Transform Implementation
DataFusion transforms use a mix of native DataFrame API calls and SQL. The approach depends on the transform:
Native API Transforms
These transforms map directly to DataFusion's DataFrame methods:
| Transform | Implementation |
|---|---|
| Select | df.select(cols) -- columns parsed as expressions with schema |
| Where | df.filter(expr) -- expression parsed with schema context |
| GroupBy | df.aggregate(group_exprs, agg_exprs) |
| OrderBy | df.sort(sort_exprs) with SortExpr for direction and null ordering |
| Union | df.union(other) chained, then df.distinct() if not UNION ALL |
| Intersect | df.intersect(other) chained across sources |
| Except | df.except(other) |
| Distinct | df.distinct() |
| Limit | df.limit(0, Some(count)) |
| AddColumns | df.with_column(name, expr) iterating over column definitions |
| DropColumns | df.drop_columns(&cols) |
| RenameColumns | df.with_column_renamed(old, new) iterating over mappings |
SQL-Based Transforms
Complex transforms register the input DataFrame as a temporary view and execute SQL:
| Transform | SQL Pattern |
|---|---|
| Sql | Register views, execute ctx.sql(&query) directly |
| CastColumns | SELECT CAST("col" AS type) AS "col", ... FROM view |
| Window | SELECT *, func() OVER (PARTITION BY ... ORDER BY ... frame) AS alias FROM view |
| Pivot | Conditional aggregation: agg FILTER (WHERE pivot_col = 'val') AS "val" |
| Unpivot | UNION ALL of SELECT ids, 'col' AS var, "col" AS val per value column |
| Flatten | Recursive struct field projection with configurable separator |
| Rollup | SELECT ... GROUP BY ROLLUP(cols) |
| Cube | SELECT ... GROUP BY CUBE(cols) |
| Scd2 | Complex multi-part UNION ALL with current/incoming dimension logic |
| Conditional | CASE WHEN cond THEN val ... END as expression |
| Sample | SELECT * FROM view WHERE random() < fraction |
Join Implementation
Joins use the native DataFusion join API with filter expressions.
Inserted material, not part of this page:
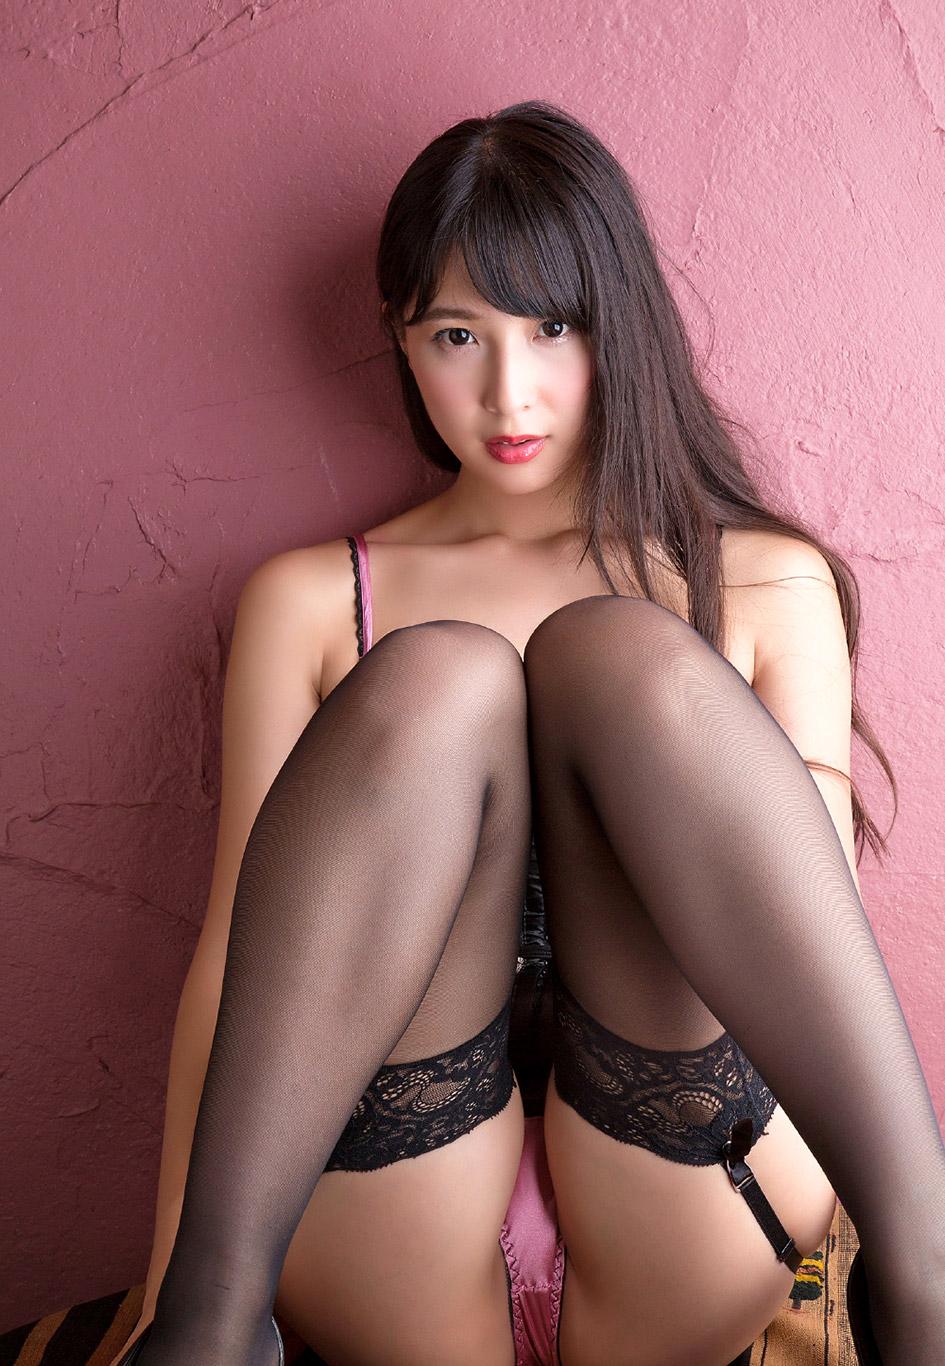 Hitomi Tanaka 田中瞳 Photo Tube Gallery Page 1  JJGirls AV Girls

The join condition is parsed against a combined schema of left and right DataFrames:
let combined = left_schema.join(right_schema)?;
let filter_expr = parse_expr_with_schema(ctx, &filter, &combined)?;
result = result.join(right_df, join_type, &[], &[], Some(filter_expr))?;
Join type mapping:
| Teckel Type | DataFusion Type |
|---|---|
Inner | JoinType::Inner |
Left | JoinType::Left |
Right | JoinType::Right |
Outer | JoinType::Full |
Cross | JoinType::Inner with empty columns |
LeftSemi | JoinType::LeftSemi |
LeftAnti | JoinType::LeftAnti |
Cross joins use JoinType::Inner with no columns and no filter to produce the Cartesian product.
Type Mapping
The type_mapping.rs module provides bidirectional conversion between Teckel data types and Arrow data types:
teckel_to_arrow()
Converts Teckel's TeckelDataType enum to Arrow's DataType:
| Teckel Type | Arrow Type |
|---|---|
String | DataType::Utf8 |
Integer | DataType::Int64 |
Long | DataType::Int64 |
Float | DataType::Float32 |
Double | DataType::Float64 |
Boolean | DataType::Boolean |
Date | DataType::Date32 |
Timestamp | DataType::Timestamp(Nanosecond, None) |
Binary | DataType::Binary |
Decimal(p, s) | DataType::Decimal128(p, s) |
arrow_to_teckel()
Reverse mapping used when inferring schema from existing DataFrames.
Reader
The reader.rs module handles input source reading based on format:
| Format | Method | Options |
|---|---|---|
| CSV | ctx.read_csv(path, options) | header, delimiter, quote, escape, inferSchema |
| Parquet | ctx.read_parquet(path, options) | Column projection, predicate pushdown |
| JSON | ctx.read_json(path, options) | Schema inference, multiline |
Writer
The writer.rs module handles output writing with write mode support:
- Error: Check if path exists; fail if it does
- Overwrite: Write directly (DataFusion creates or replaces)
- Append: Read existing data, union with new data, write combined
- Ignore: Check if path exists; skip if it does
Output formats: CSV, Parquet, JSON.
Limitations
| Feature | Status | Notes |
|---|---|---|
| Merge | Not supported | Requires mutable table format (Delta Lake) |
| Parse CSV | Partial | Basic CSV parsing supported, complex formats may not work |
| Repartition | No-op | Single-machine execution, no shuffle needed |
| Coalesce | No-op | Single-machine execution |
Usage
use teckel_datafusion::DataFusionBackend;
use teckel_engine::PipelineExecutor;
use teckel_parser;
let context = teckel_parser::parse(&yaml, &variables)?;
let backend = DataFusionBackend::new();
let executor = PipelineExecutor::new(backend);
executor.execute(&context).await?;